# TJI and blocking



## jar546 (Feb 1, 2011)

Is the blocking correct if there is a load bearing wall above?


----------



## MarkRandall (Feb 1, 2011)

Looks correct to me.

See: http://www.ilevel.com/literature/TJ-4000.pdf


----------



## Mac (Feb 1, 2011)

Ummm....  yes, looks OK to me.

And the clinched nail method of attaching the 2X to the steel girder.


----------



## Code Neophyte (Feb 1, 2011)

Mac said:
			
		

> And the clinched nail method of attaching the 2X to the steel girder.

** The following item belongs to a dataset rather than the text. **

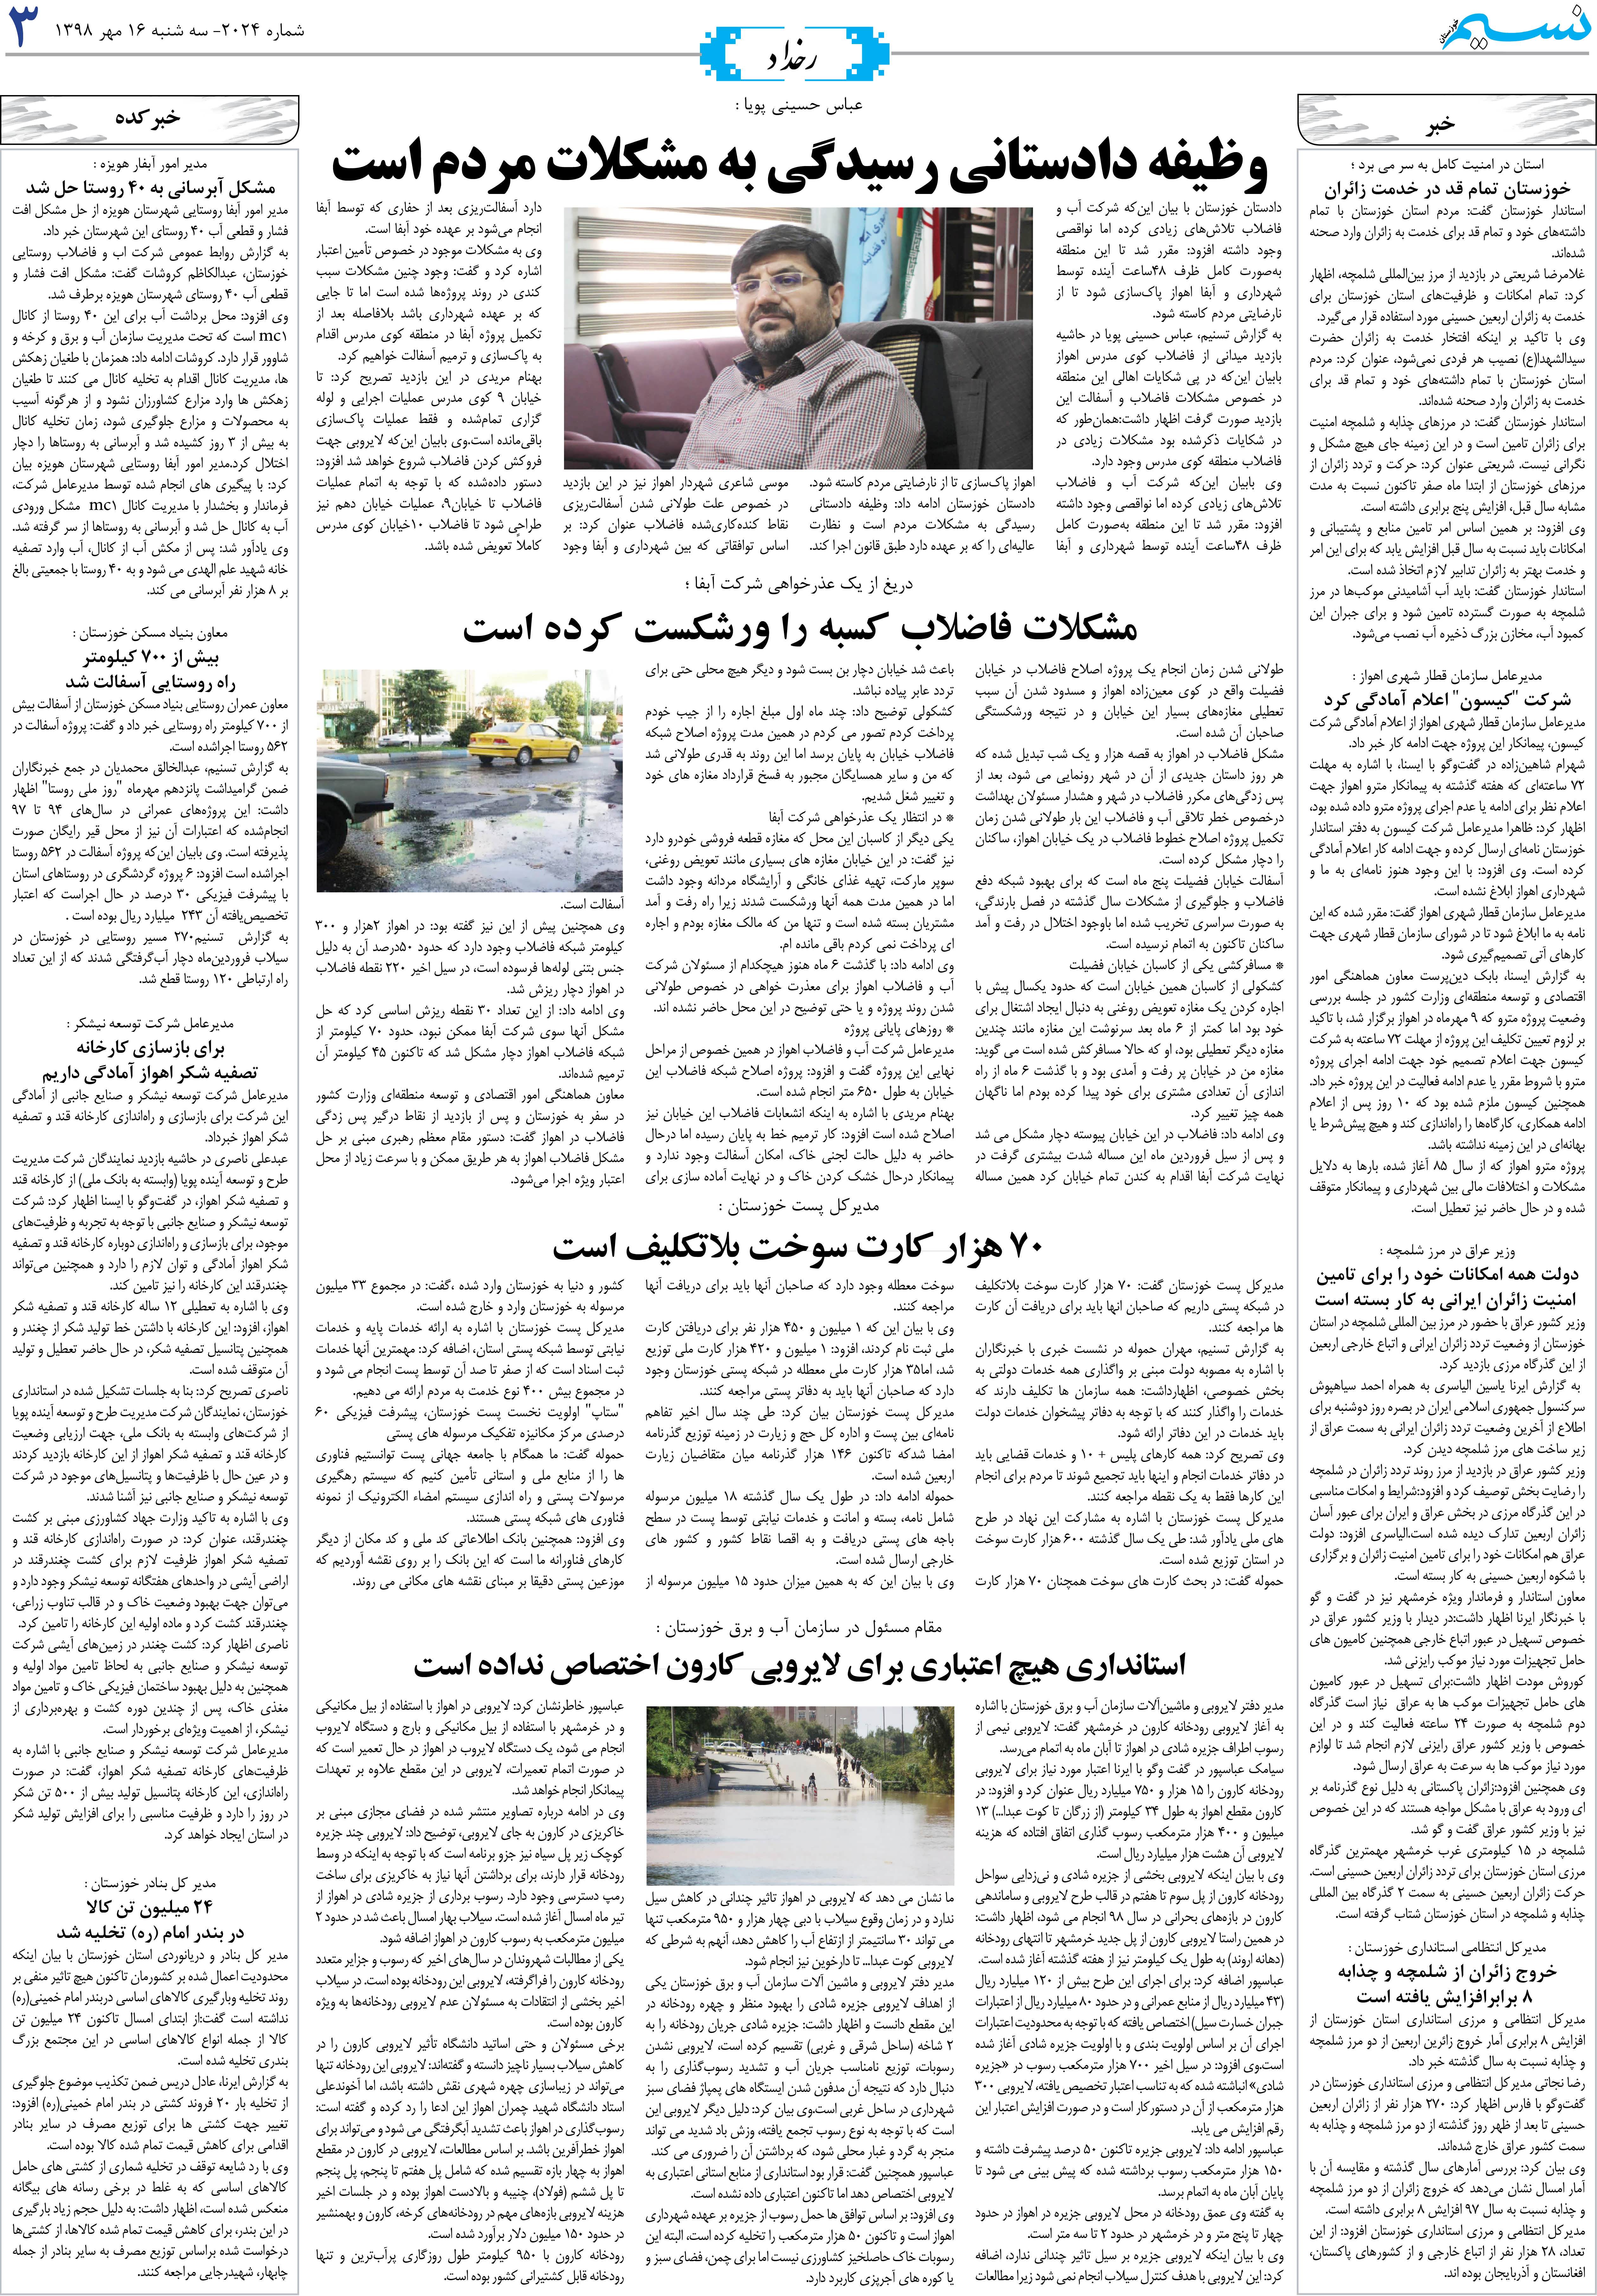 صفحه رخداد روزنامه نسیم شماره 2024
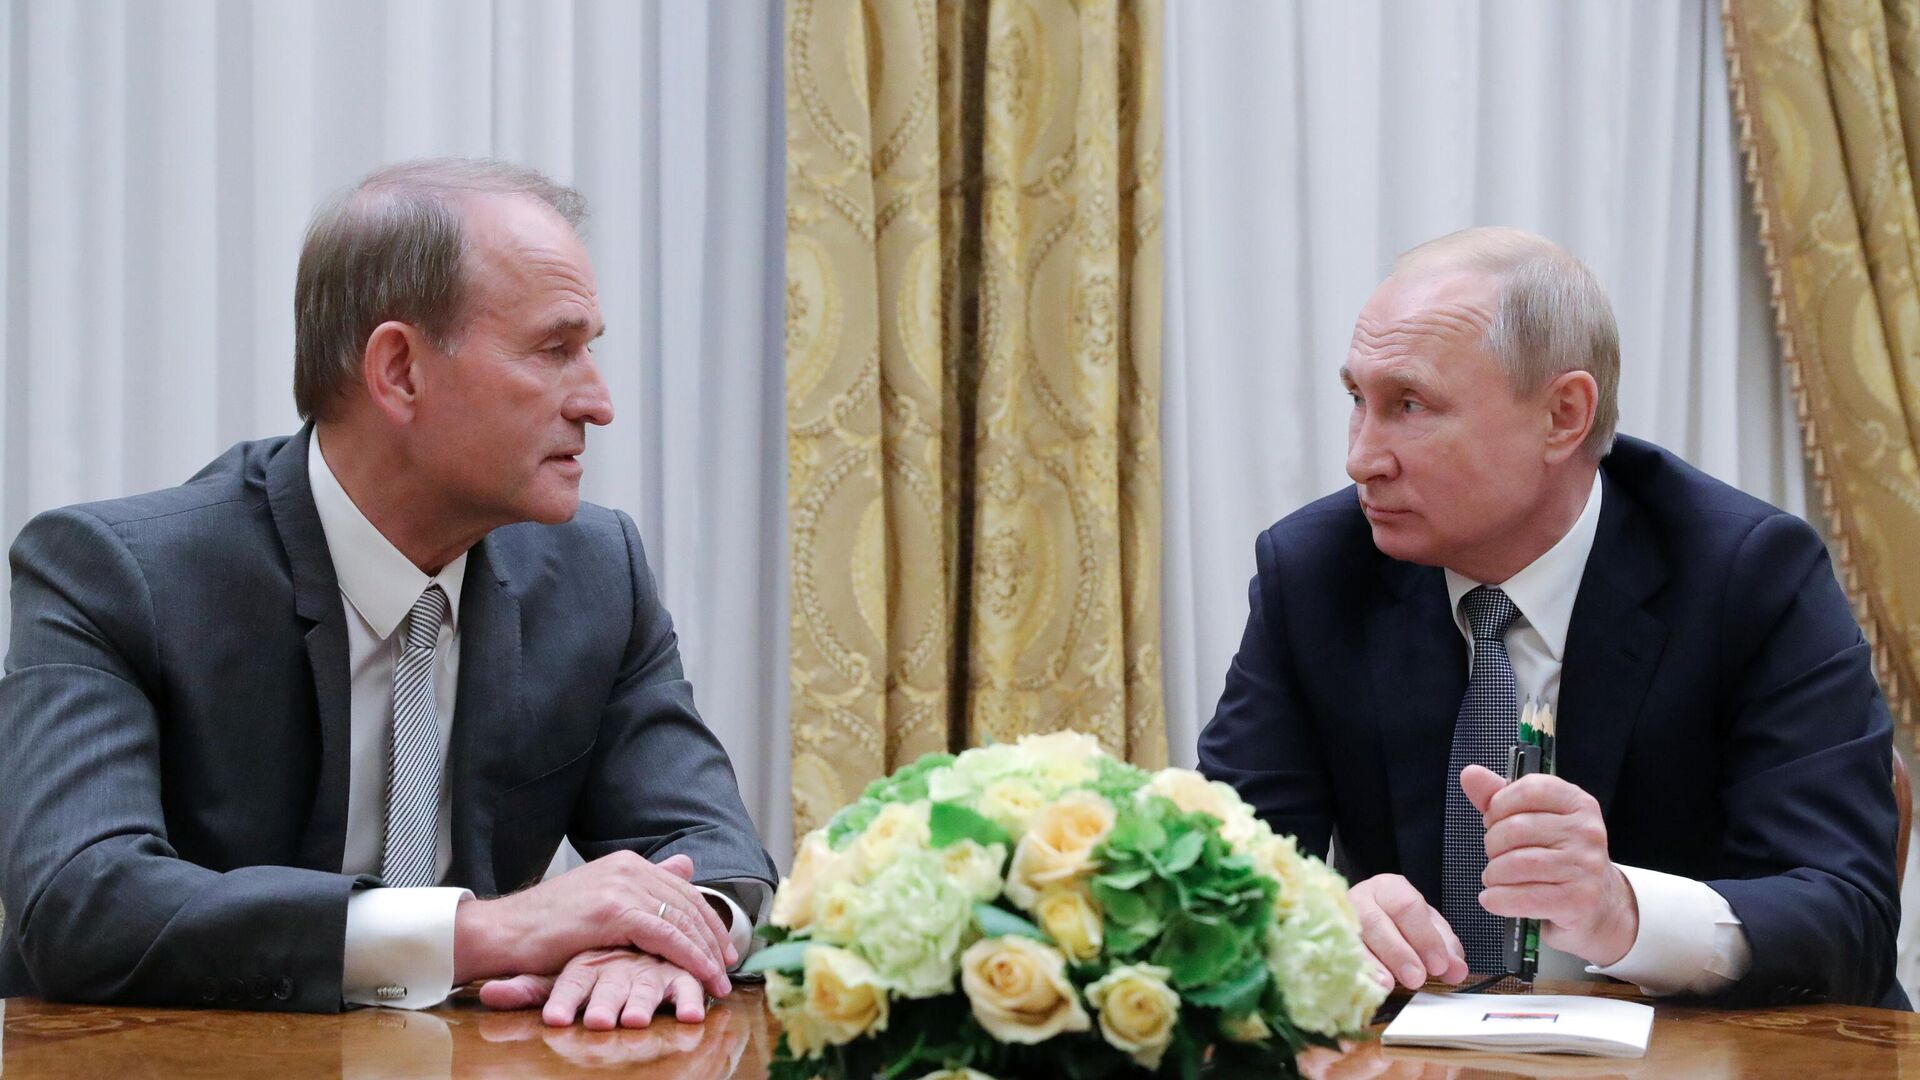 Chính trị gia Ukraina Viktor Medvedchuk và Tổng thống Nga Vladimir Putin. Ngày 18 tháng 7 năm 2019. - Sputnik Việt Nam, 1920, 17.04.2022

That's every bit as good as the jack posts the beam is probably sitting on without _any_ mechanical attachment (They're going to come back and do that, though - just haven't gotten around to it yet!!!!)


----------



## jar546 (Feb 1, 2011)

Would your answers be the same if that was also a flush splice point for the joists that were butt ended together under that bearing wall?


----------



## Code Neophyte (Feb 1, 2011)

It would not.  Joists would then require lateral restraint at the _ends_


----------



## Uncle Bob (Feb 1, 2011)

Where I worked; blocking was from (between) TJI to TJI; not 2 bys nailed to the floor and top plate. Since it is engineered wood, a TJI layout should be furnished and the blocking indicated on the layout; per manufacturer's specifications and installation instructions.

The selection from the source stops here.